Ce carnet est mon seul exutoire… J’espère sincèrement que personne ne tombera dessus…

Je suis retournée à Dijon pour transmettre des documents. Je pensais que ce voyage me changerait les idées. J’ai réalisé que j’avais eu tort dès mon arrivée, lorsque j’ai croisé deux membres de la Gestapo…. Ils traînaient sans ménagement en dehors de la Kommandantur une femme qui portait les traces de son interrogatoire. Elle m’a regardé de son œil encore valide, semblant implorer la clémence. Nous savions toutes les deux ce qui allait se produire. Quel gâchis, elle était si jeune...

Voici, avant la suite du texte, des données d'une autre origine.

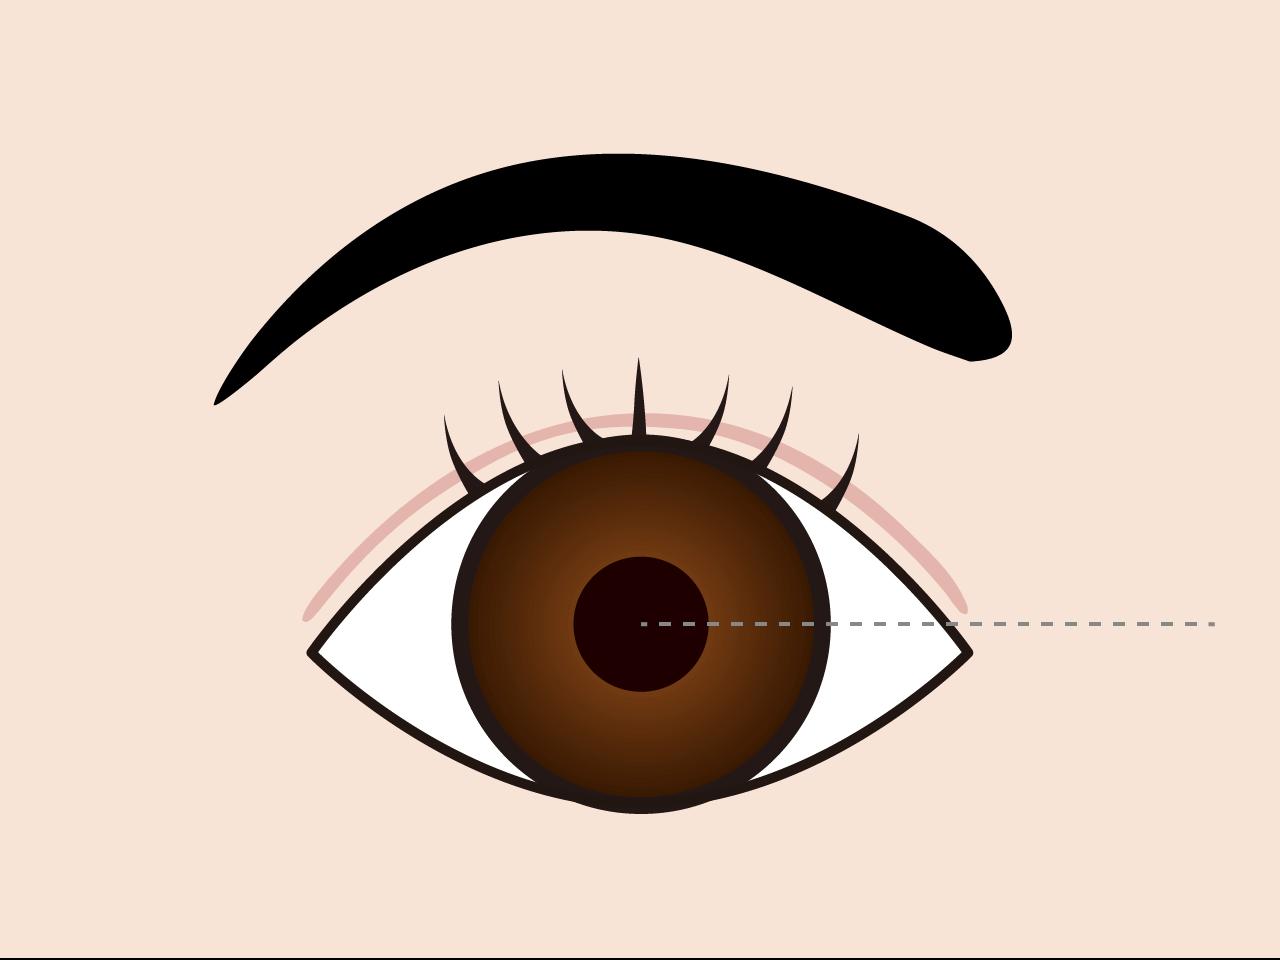 片目 痛い の 奥 目 が

Cette pensée m’était insupportable. Malheureusement, je ne pouvais pas me permettre d’afficher mon émotion. Nous n’avons pas le droit d’émettre le moindre doute, et encore moins de critiquer le régime. Je suis donc descendue dans la cave située sous le bâtiment réquisitionné pour établir la Kommandantur. Tous les objets « confisqués » y sont entreposés avant d’être expédiés vers l’Allemagne. Je me suis assise un moment sur une caisse et me suis mise à pleurer.

J’aime mon pays, néanmoins j’ai de plus en plus de mal à supporter les actes de mon gouvernement. Ce qui se passe n’est pas digne de notre peuple. Je sais que d’autres Allemands pensent la même chose que moi, mais personne n’osera prendre le risque d’en parler.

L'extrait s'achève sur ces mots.